A group of disabled activists led by Ed Roberts—who, in 1962 became the first wheelchair-user to attend the University of California, Berkeley—and educator Judith Heumann—who sued to become the first wheelchair-using teacher in New York City—found the Berkeley Center for Independent Living (CIL), the first independent living services and advocacy organization run by and for people with disabilities. The CIL is considered the birthplace of the modern independent living movement, which fought for self-determination for those with disabilities.
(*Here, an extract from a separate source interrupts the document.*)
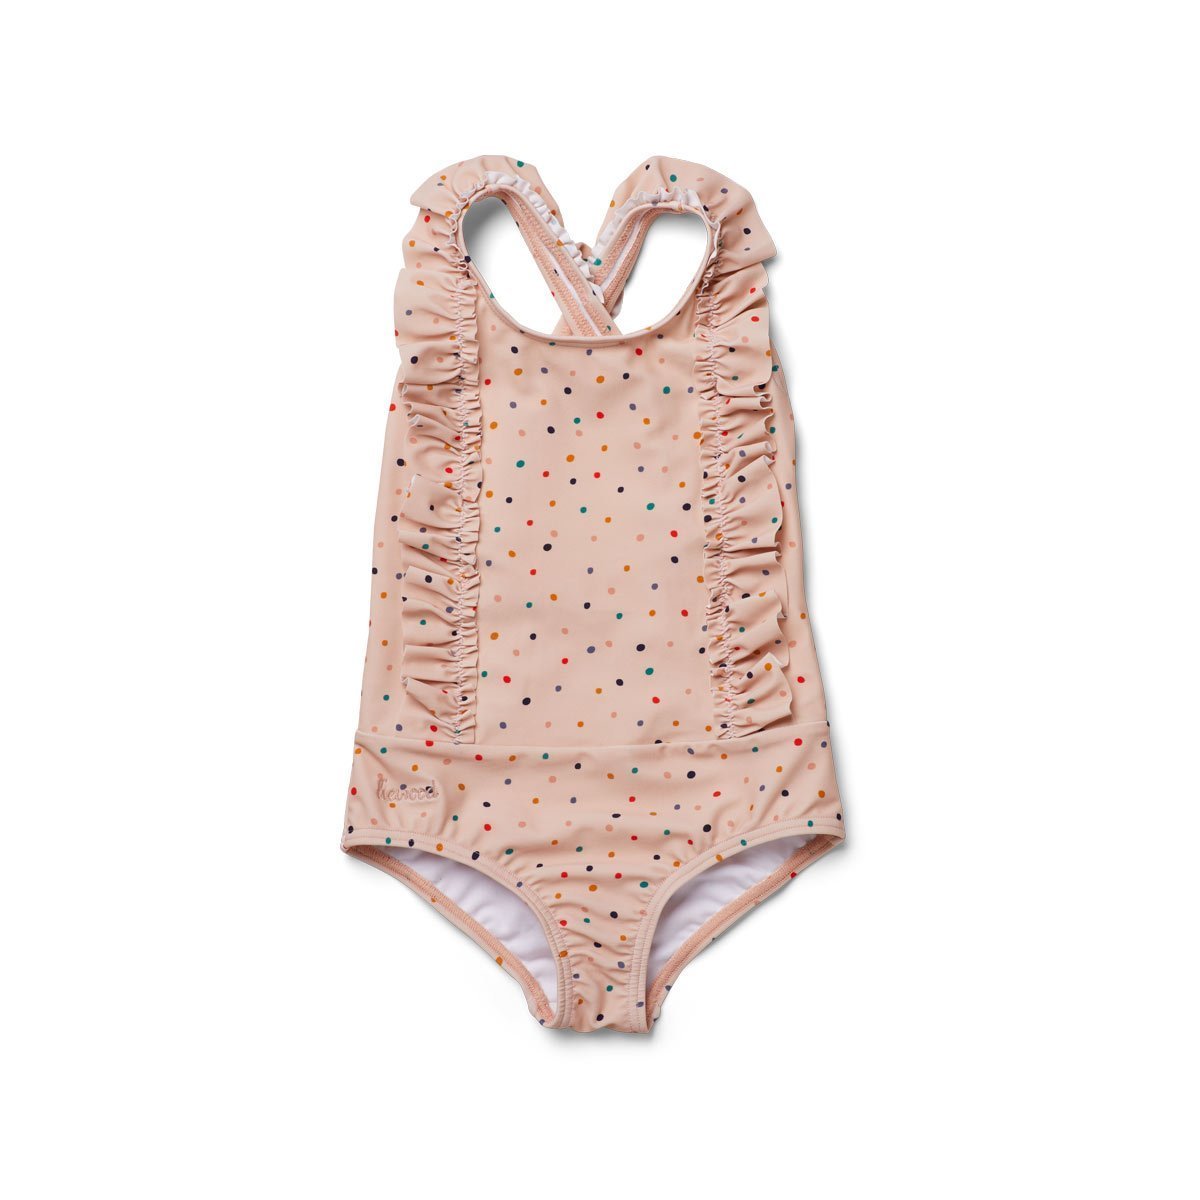 Liewood Moa Swimsuit in Confetti mix - Scandibørn

1973–77: Rehabilitation Act and sit-ins

Section 504 of the Rehabilitation Act, passed in 1973, prohibits organizations receiving federal funds from discriminating against people with disabilities. It offers the first federal civil rights protections for disabled people. Enforcement, however, was significantly delayed as businesses and other organizations lobbied the federal government not to issue the formal regulations necessary to enforce the law. The delay continued until disabled activists launched a wave of sit-ins in federal buildings across the country on April 5, 1977, demanding that government officials approve drafted regulations. Most of the sit-ins lasted only a day or two, but in San Francisco, disabled activists coordinated with the Black Panther Party to occupy the Health, Education, and Welfare building for nearly a month in the longest non-violent occupation of a federal building in U.S. history, called the 504 Sit-In. Government officials approved the regulations on April 28.

1978: Denver bus protests

Nineteen disabled activists from the advocacy group ADAPT stop traffic at Denver, Colorado’s busiest intersection for 24 hours to protest the large number of public buses that are inaccessible to wheelchair users. Activists roll their wheelchairs into the street and sleep in the road, forcing two city buses to stop in place until the city and transit authority agreed to make the buses wheelchair-accessible. 
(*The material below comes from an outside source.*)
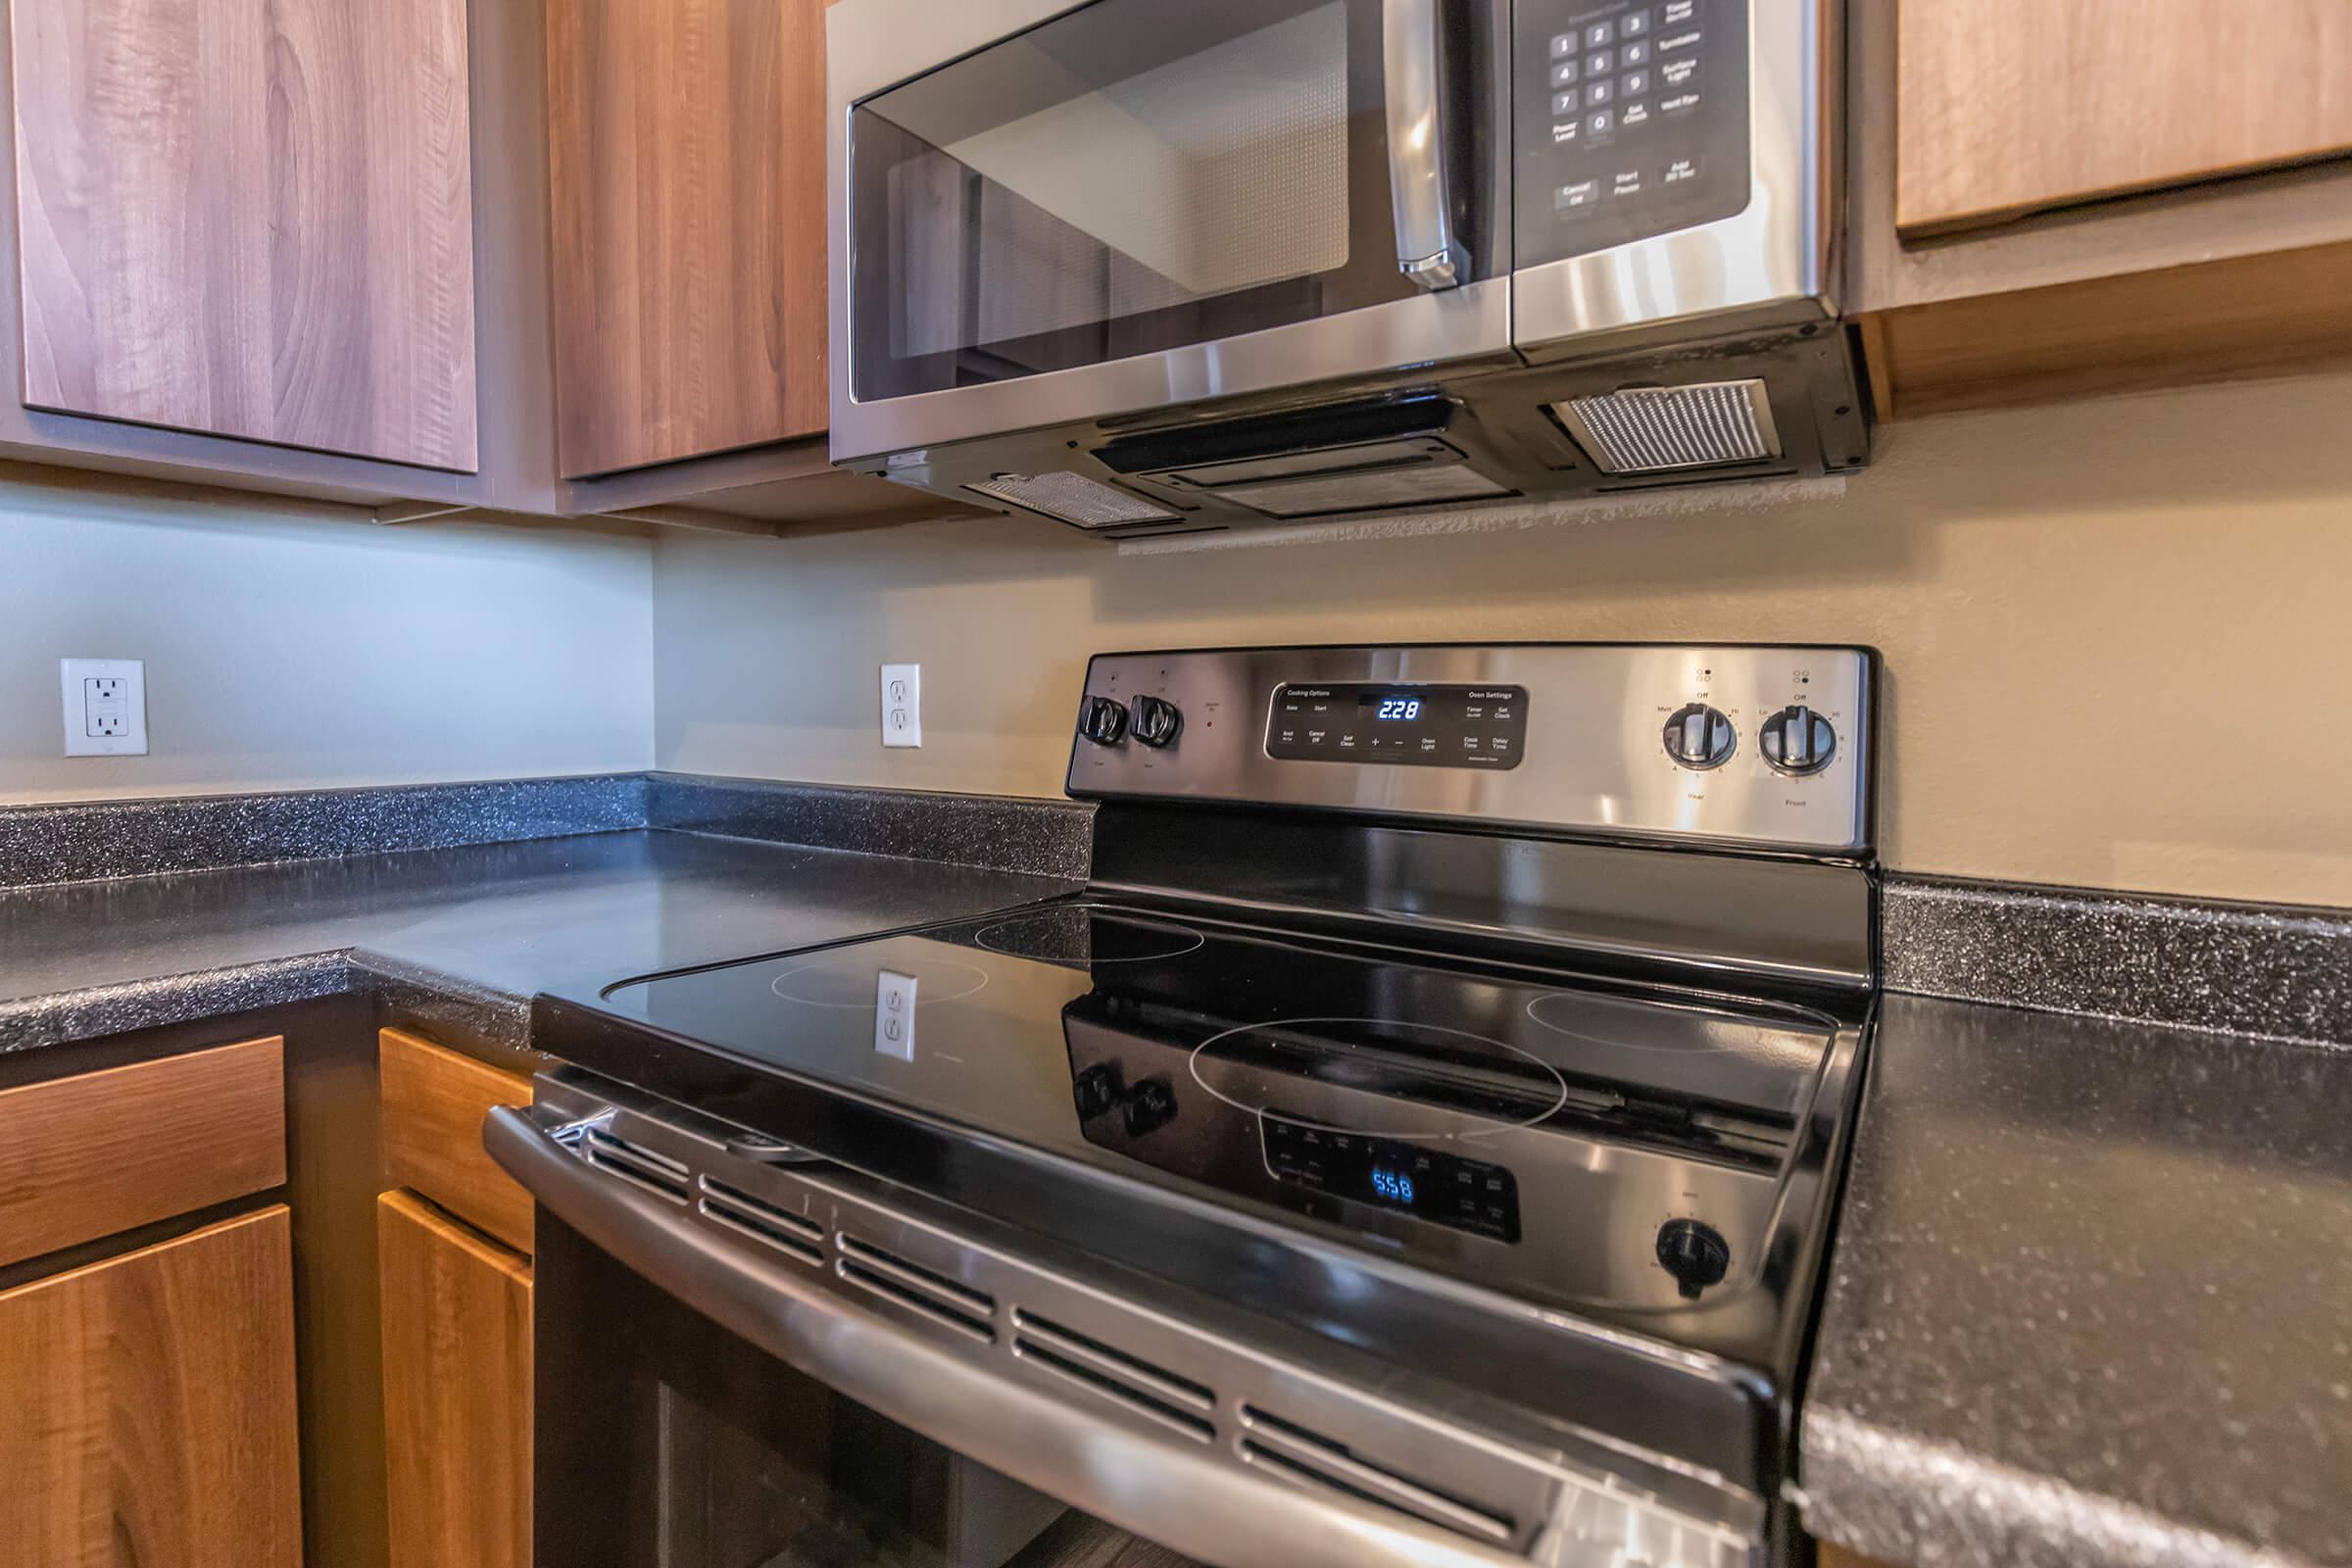 STAINLESS STEAL APPLIANCES

1990: Americans with Disabilities Act

In 1990 U.S. Pres. George H. W. Bush signs the Americans with Disabilities Act, the most robust federal civil rights law to date pertaining to disabled people in all areas of public life and guaranteeing them equal opportunity in public accommodations, employment, transportation, state and local government services, and telecommunications. Earlier that year, pushing for the passage of the ADA, disability rights advocates staged the iconic Capitol Crawl protest, in which about 60 people with mobility disabilities climbed the steps of the U.S. Capitol Building without the use of their wheelchairs or other mobility aids, in a striking visual representation of the inaccessibility of most architecture and infrastructure.

2017: Saving the ACA

Significant protests throughout 2017 organized by the non-profit advocacy group ADAPT (American Disabled for Attendant Programs Today) in coalition with other groups contribute to the scuttling of Republican attempts to repeal the Affordable Care Act and cut Medicaid. Activists occupy Congressional offices and disrupt a hearing on a proposed repeal, often being arrested and dragged away by police.

These civil rights victories, while necessary and hard-won, have not succeeded in addressing all the ways in which the disabled community continues to struggle for rights. For example, sometimes onerous regulations concerning government benefits including Social Security, as well as lack of law enforcement training in dealing with disabled people, continue well into the 21st century.